The trainees varied in terms of their prior experience with casting and knowledge of clubfoot anatomy and the complete Ponseti method. Between trainee disciplines, such as surgeons versus physical therapists, no uniform trends were observed regarding casting familiarity or use. In some clinics, the physical therapist would cast, in others the doctor or surgeon would cast. However, the trainers were able to quickly recognize those trainees who were casting regularly as they adapted more readily to the nuance of the Ponseti method casting.
The survey findings reveal an ongoing need for the education of parents as they embark upon the Ponseti method treatment course; problems were reported with follow up and the distances to travel for review. These findings are similar to those reported in other developing countries where the Ponseti method has been introduced and challenge the Western “patient attends the doctor” model of access to care [13, 15]. The repeated comments from the trainees surveyed emphasizes the need for “education at a grassroots level” for parents to understand and participate in the lengthy Ponseti method. This seems to be essential if relapses due to incomplete treatment courses are to be reduced.

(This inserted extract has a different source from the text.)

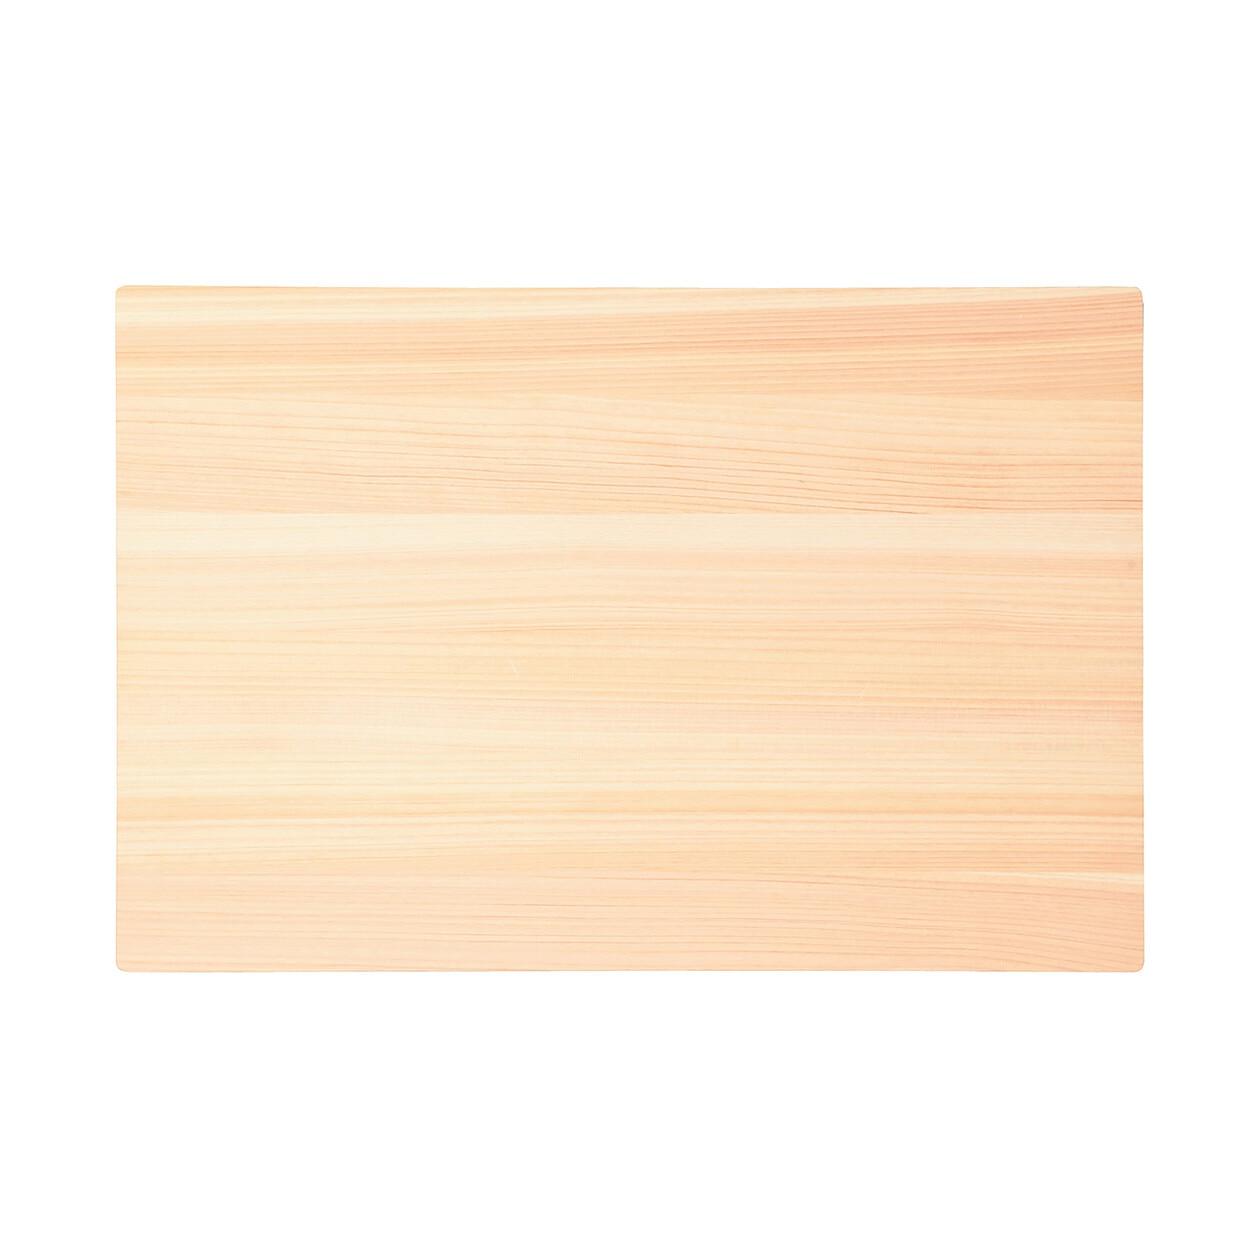 RoomClip商品情報 - ひのき調理板・薄型・大
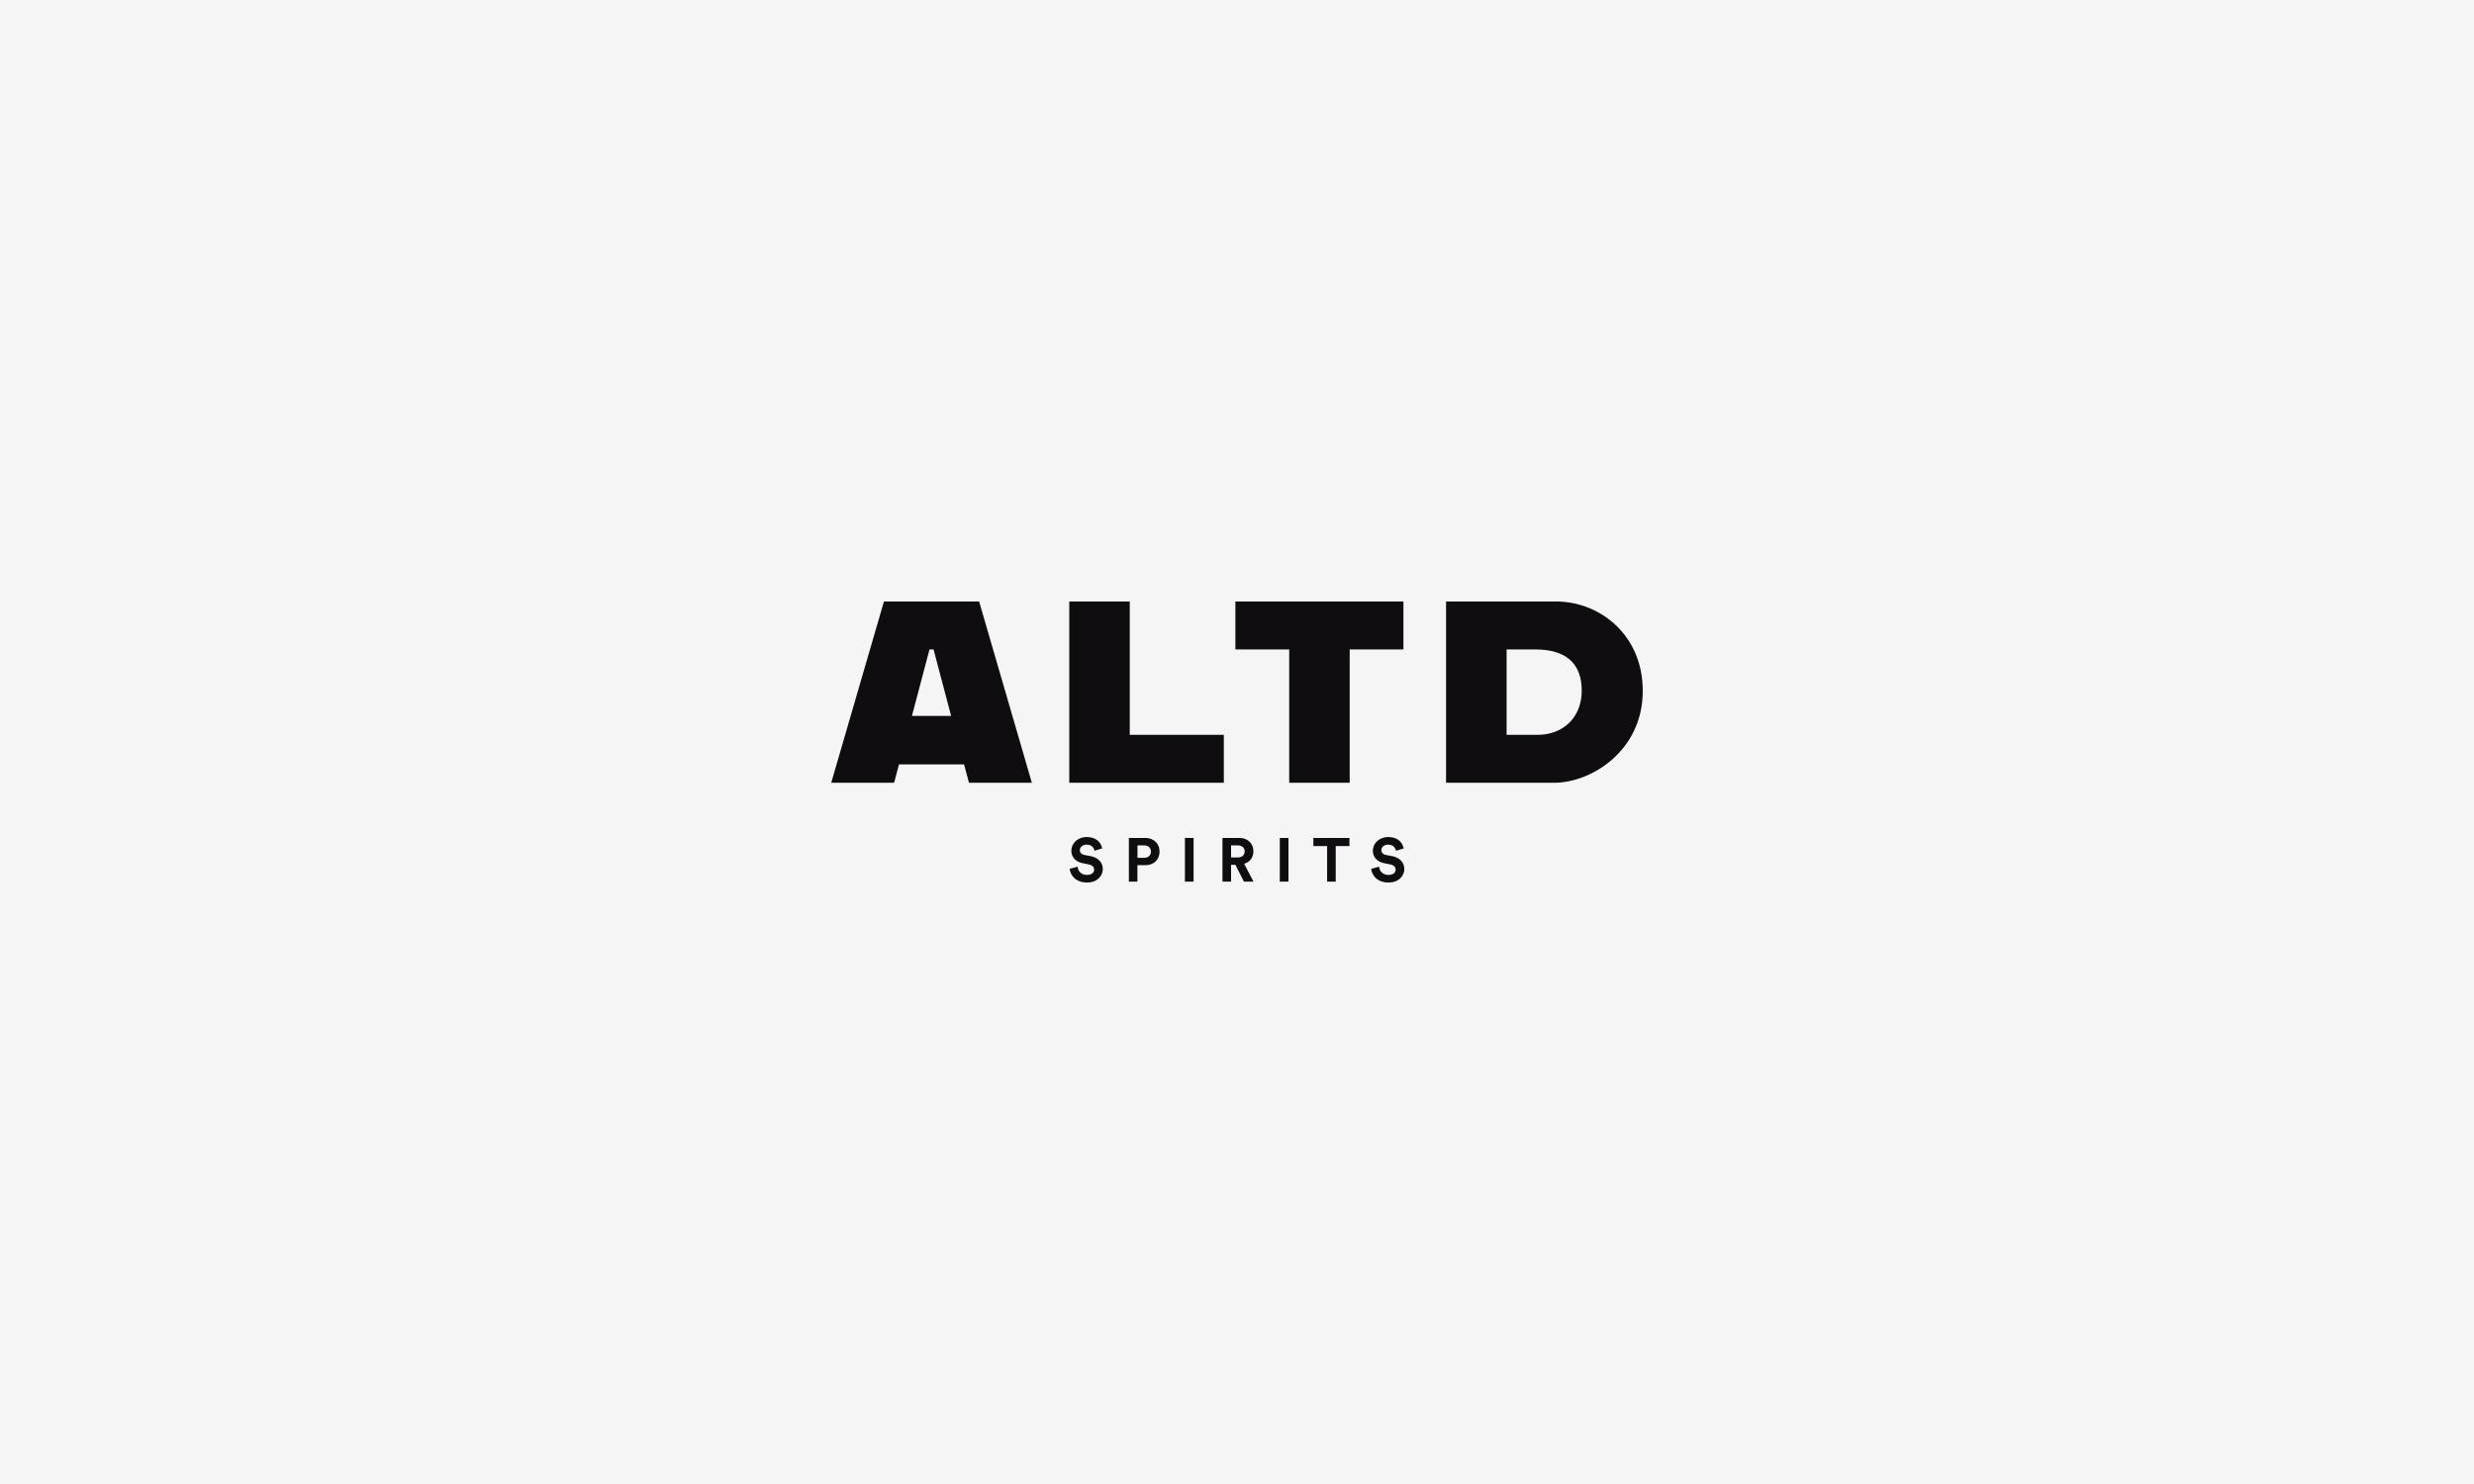 Nectar-&-Co-ALTD-Spirits-Logo.jpg

There were a number of possible confounding factors with this evaluation survey. Firstly, the questionnaire itself was developed conveniently and pragmatically rather than methodically. As a result, it cannot be seen as a reliable nor necessarily valid instrument of measure. While due care was taken, there were multiple translations involved in the evaluation process: from the original English language draft to the distributed Vietnamese language version; from the Vietnamese language completed surveys to English language data entry and analysis.
Conclusion
This limited evaluation of the ICRC–SFD training program to implement the Ponseti method for management of infant clubfoot deformity in south Vietnam revealed a good uptake and continued use of the technique at 12 or more months post-training. The longer term effectiveness of this program will be indicated when/if reduction in clubfoot surgical procedures continues, as is tentatively reported. A more objective and future stage assessment of the clubfeet corrected via the Ponseti method and the associated gait function and foot comfort would be beneficial.
Footnotes
Acknowledgments
The author wishes to acknowledge all members of the Ponseti method training team: Leo Gasser and Miguel Fernandos, International Committee of Red Cross, Ho Chinh Minh City, Vietnam; Do Van Thanh and Karin Eberle, Da Nang Orthopedic and Rehabilitation Centre, Da Nang City, Vietnam; Paul Wade, Australasian College of Surgical Podiatrists, Adelaide, Australia.
Course training materials and the questionnaire are available upon request.
The author declares there are no conflicts of interest and agrees to the journal reviewing primary data if requested.